• Task item: Wherever a picture appears in the listing, leave it out, and copy the rest exactly.

• Dataset content:
----

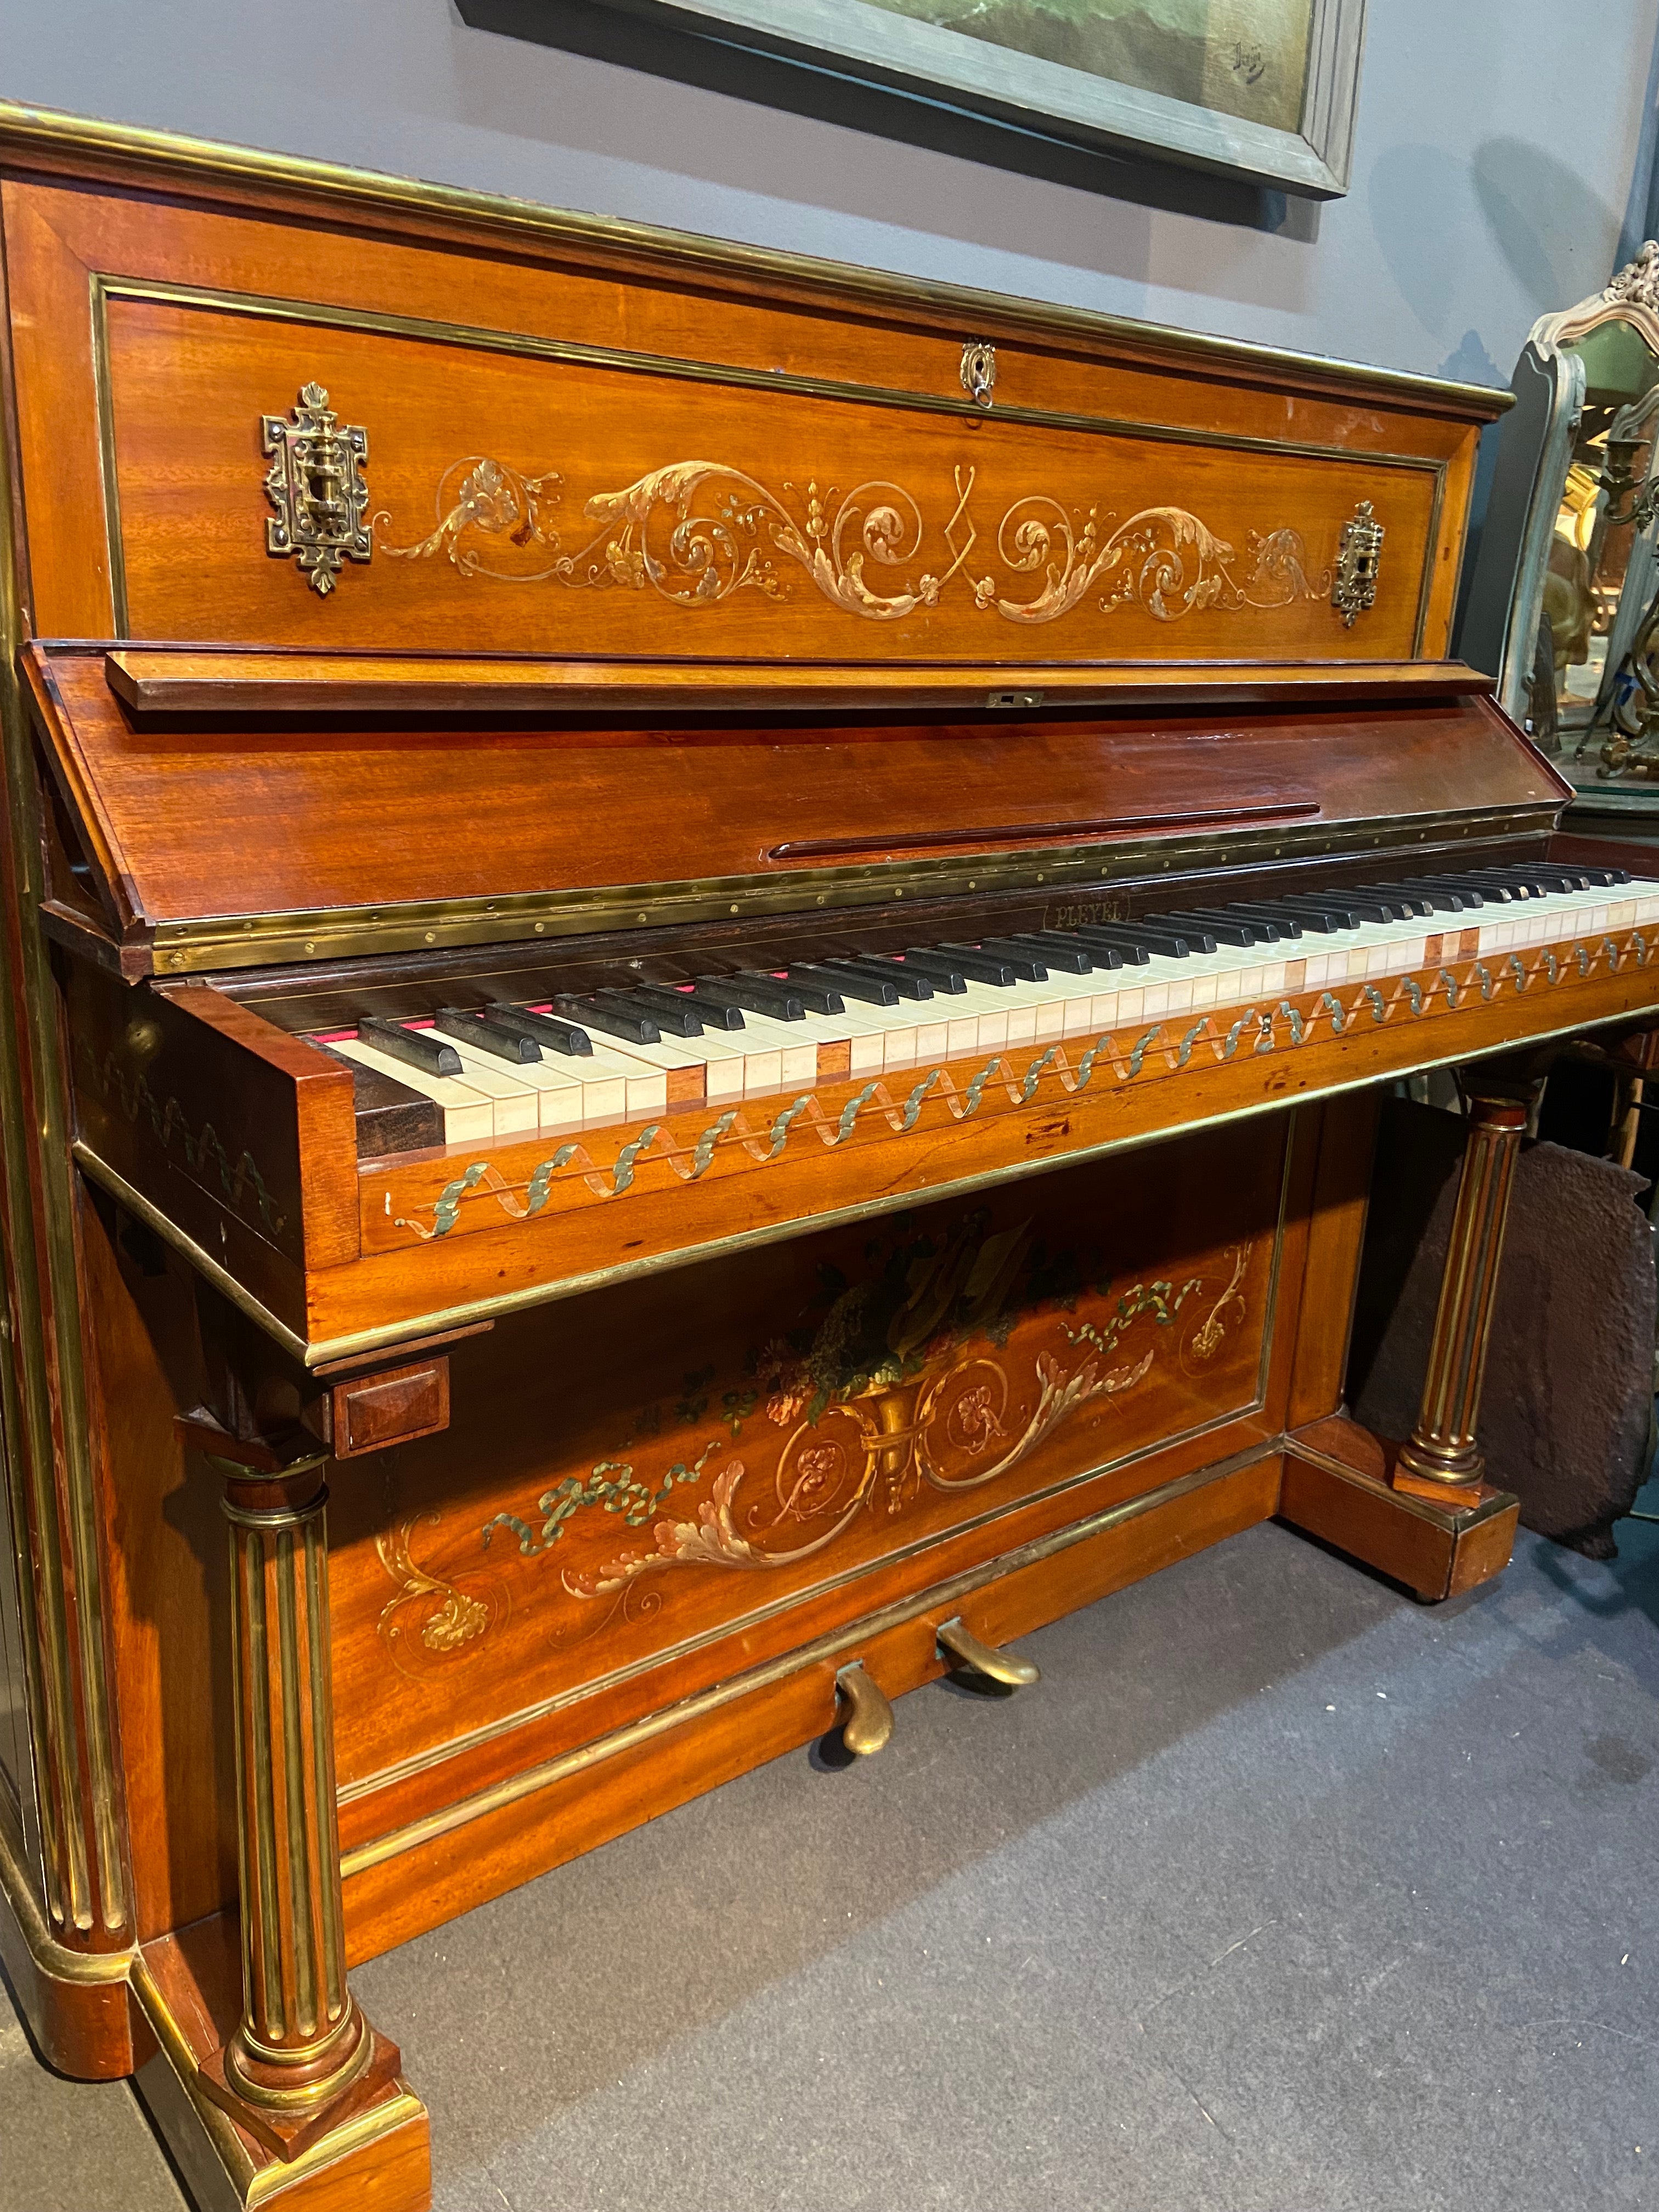 Dieses seltene Klavier wurde laut dem Pleyel-Archiv im Musée de la Musique im September 1871 von Pleyel in Frankreich hergestellt.
Das Gehäuse aus Naturholz ist mit handgemalten Blumengirlanden verziert. Die Seiten des Klaviers sind quadratisch und
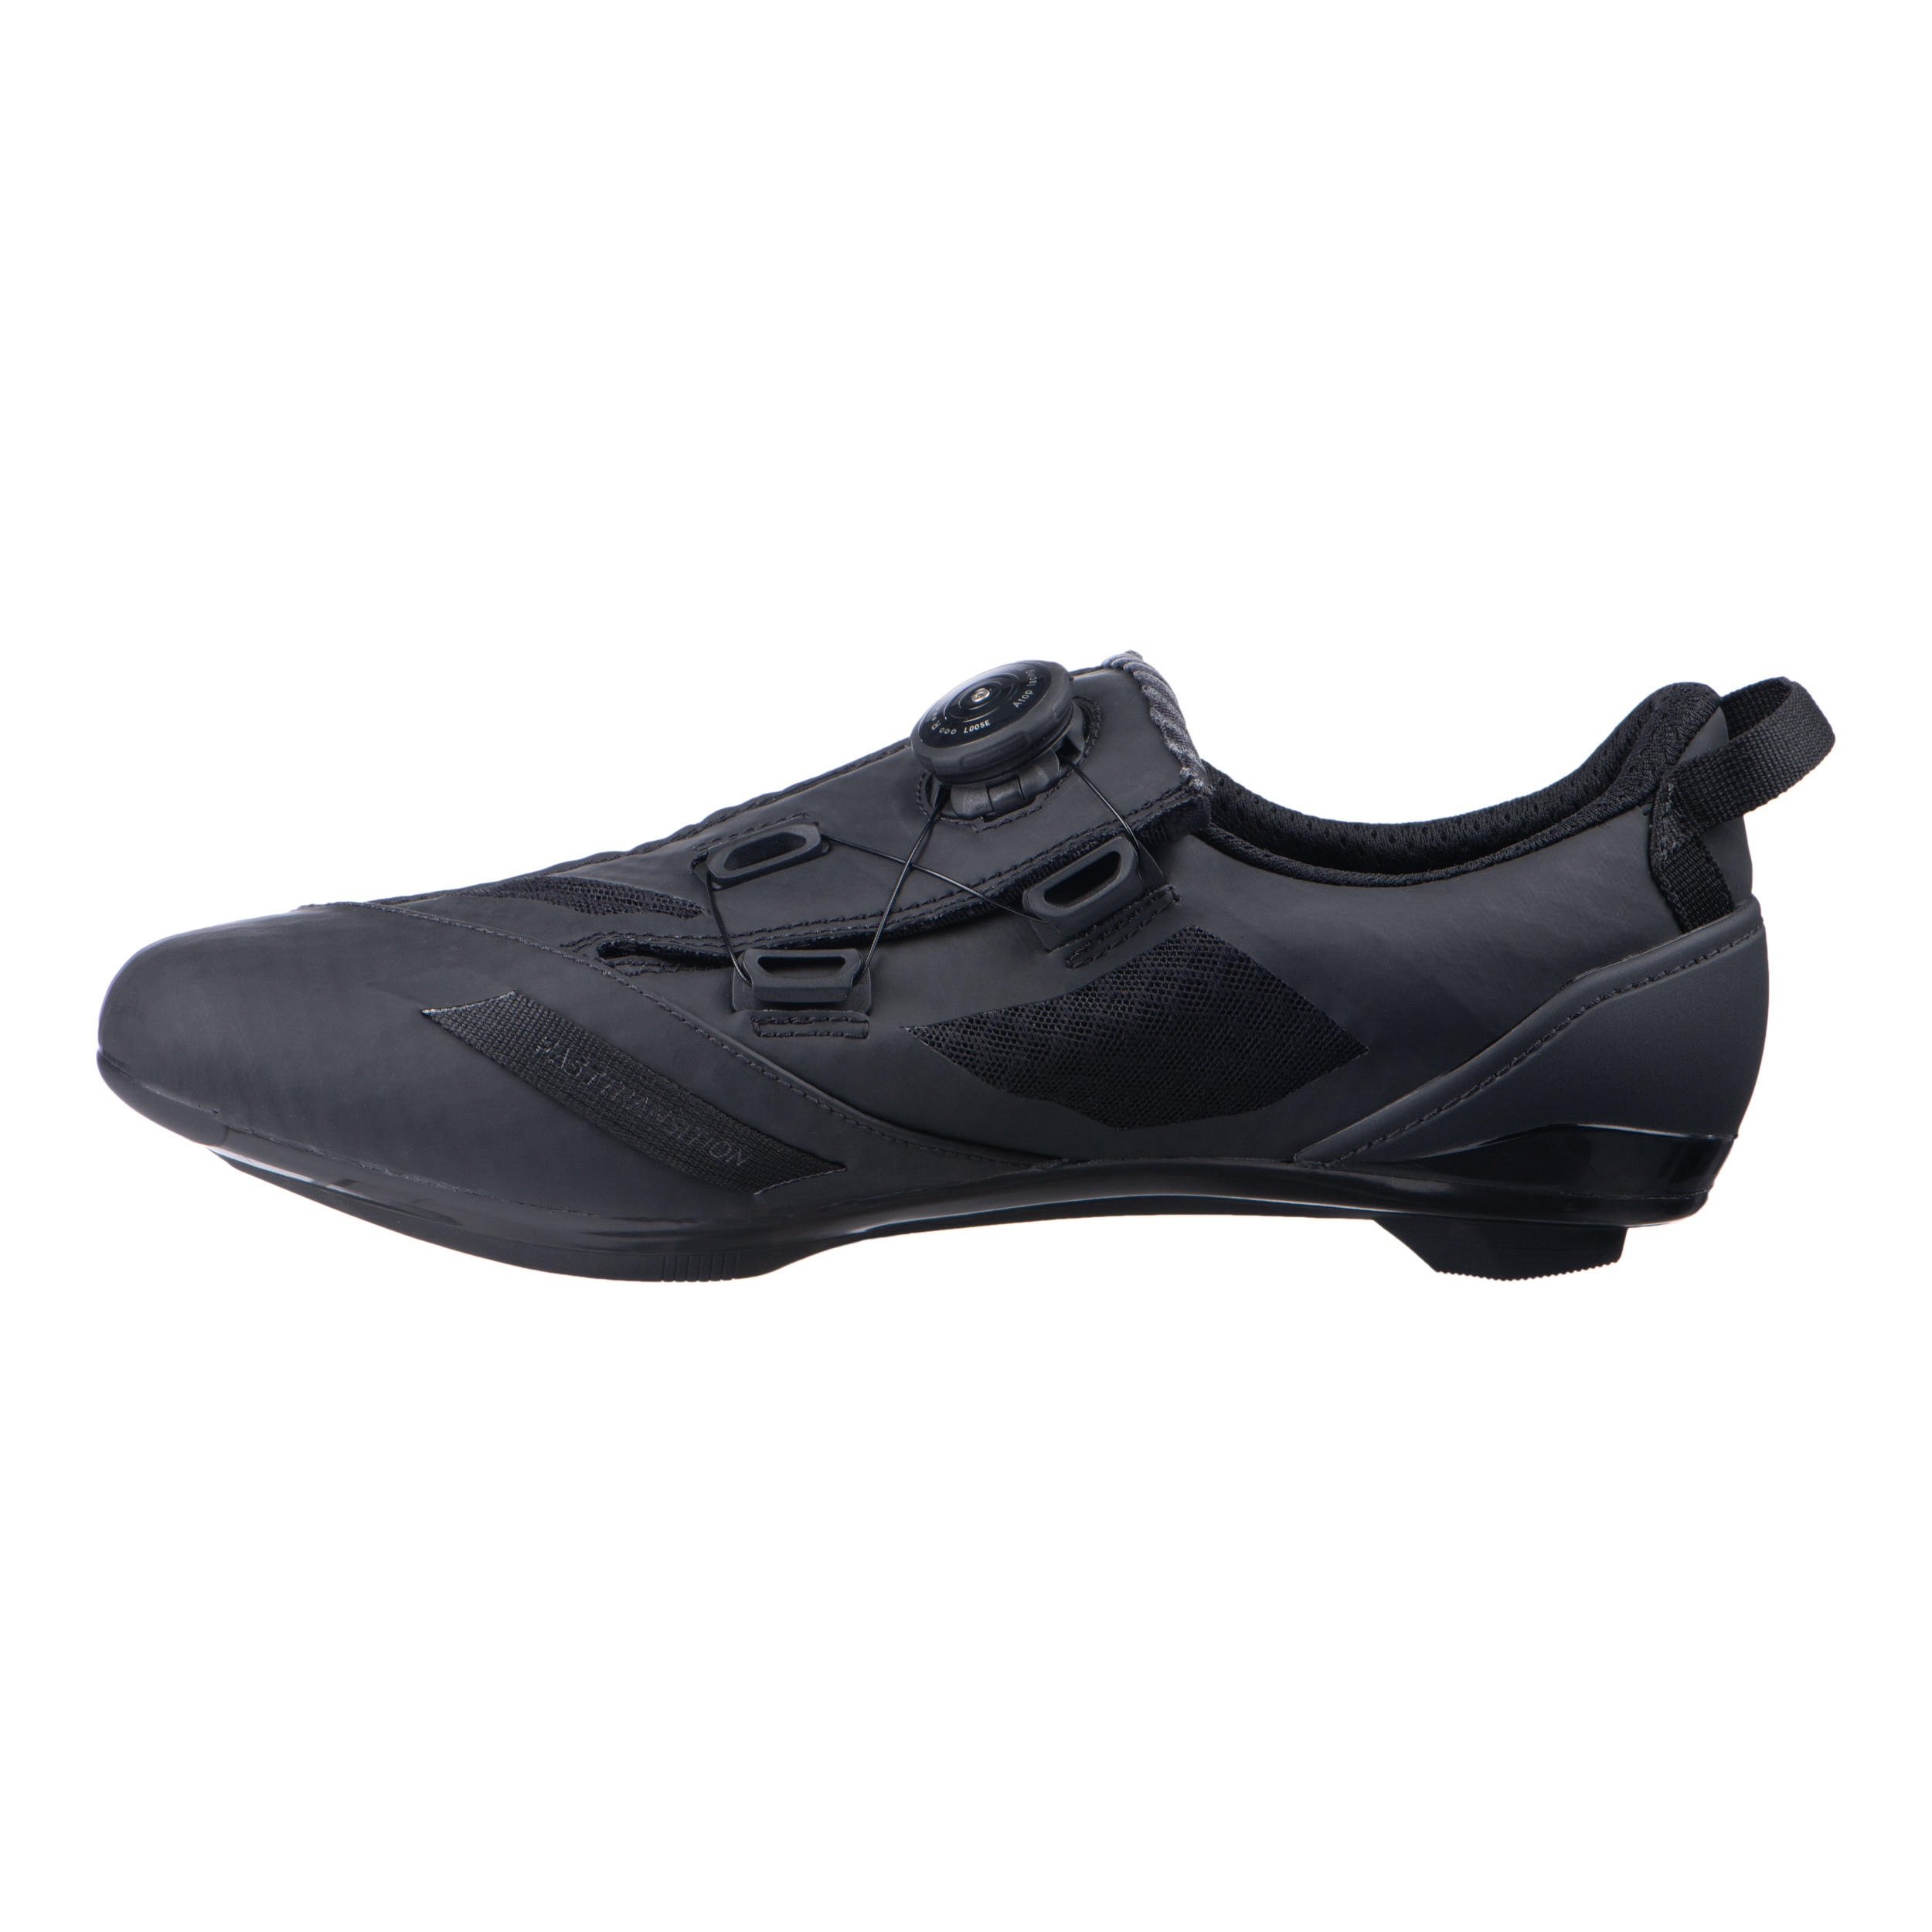 Aptonia Triathlon Cycling Shoes - Black 6/8

----

• Answer space:
 Dieses seltene Klavier wurde laut dem Pleyel-Archiv im Musée de la Musique im September 1871 von Pleyel in Frankreich hergestellt.
Das Gehäuse aus Naturholz ist mit handgemalten Blumengirlanden verziert. Die Seiten des Klaviers sind quadratisch und
 Aptonia Triathlon Cycling Shoes - Black 6/8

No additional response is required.